Powered by: Motilal Oswal
2025-06-02 08:56:23 am | Source: Accord Fintech
Opening Bell : Markets likely to make cautious start amid weak global cues
Opening Bell : Markets likely to make cautious start amid weak global cues

Indian equity markets are likely to make a cautious start on Monday, amid weak global cues. Traders are likely to take a cautious approach ahead of the release of the HSBC Manufacturing PMI Final data later in the day. Additionally, markets sentiment is expected to remain subdued due to outflows from Foreign Institutional Investors (FIIs). 

Some of the key factors to be watched:

India's GDP grows at 7.4% in Q4 FY25: The National Statistics Office (NSO), Ministry of Statistics and Programme Implementation (MoSPI) in its latest data has showed that India’s real GDP growth for the January-March quarter of financial year 2024-25 stood at 7.4 per cent. The growth in Q4FY25 was lower than the 8.4 per cent expansion in the year-ago quarter.

India-EU free trade agreement could be concluded before year end: Commerce and Industry Minister Piyush Goyal said that negotiations for the proposed comprehensive free trade agreement (FTA) between India and the European Union (EU) are progressing at a rapid pace and the deal could be concluded before the year end.

Forex reserves jump $6.99 billion to $692.72 billion: Reserve Bank of India (RBI) said that India's forex reserves jumped by $6.99 billion to $692.72 billion during the week ended May 23.

ADB ready to provide $4.5 billion loan annually to India: Asian Development Bank (ADB) President Masato Kanda said that the multilateral funding agency stands ready to provide up to $4.5 billion sovereign lending to India each year.

Steel and aluminium stocks will be in focus: A private report said that US President Donald Trump's announcement to double tariffs on imported steel and aluminium will impact Indian exporters, particularly those engaged in value-added and finished steel products and auto-components.

On the global front: The U.S. markets ended mostly in red on Friday, after President Donald Trump accused China of violating the trade agreement reached last month.

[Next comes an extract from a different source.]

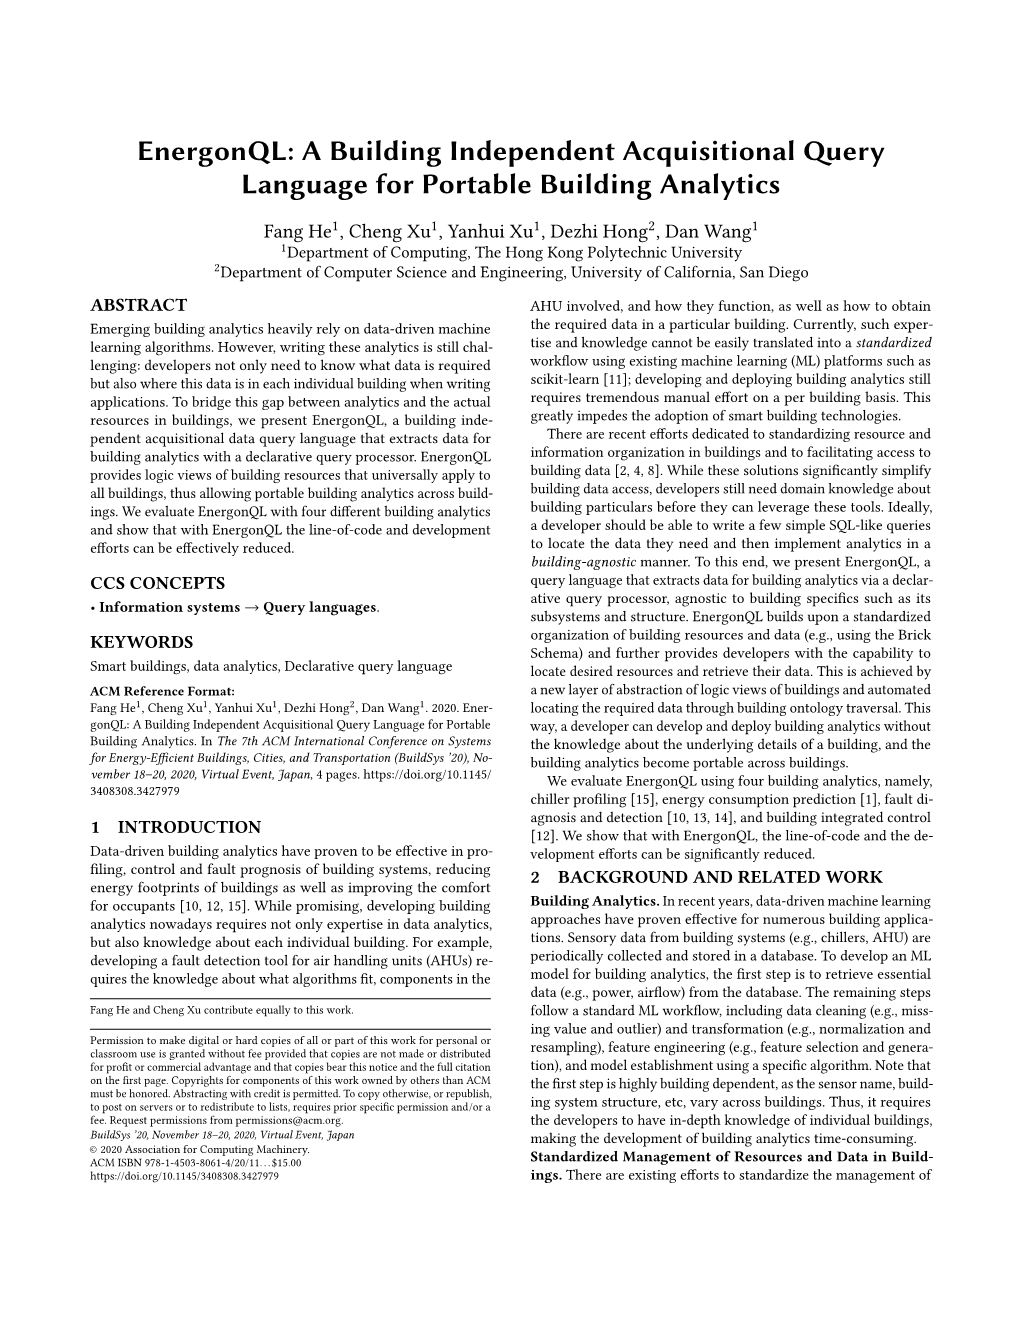 A Building Independent Acquisitional Query Language for Portable Building Analytics

Asian markets are trading mostly in red on Monday, following the mixed cues from Wall Street.

Back home, Indian equity benchmarks ended lower on Friday, following losses in Metal, Basic Materials and Utilities shares and sluggish trends in Asian markets due to trade uncertainty after a US appeals court temporarily reinstated reciprocal tariffs. Finally, the BSE Sensex fell 182.01 points or 0.22% to 81,451.01 and the CNX Nifty was down by 82.90 points or 0.33% to 24,750.70.    

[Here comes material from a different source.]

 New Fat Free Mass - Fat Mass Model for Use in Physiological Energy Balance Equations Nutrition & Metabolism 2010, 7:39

Some of the important factors in trade:

Steady inflow of foreign funds: Foreign institutional investors (FIIs) purchased equities worth Rs 884.03 crore on a net basis on Thursday, according to exchange data. 

Tariff war creates opportunity for India in some of sectors: Chief Economic Adviser V Anantha Nageswaran has said ongoing tariff war triggered by reciprocal tariff by the Trump Administration provides an opportunity for India in some sectors. He said India actually has a few silver linings which include low energy prices at the moment.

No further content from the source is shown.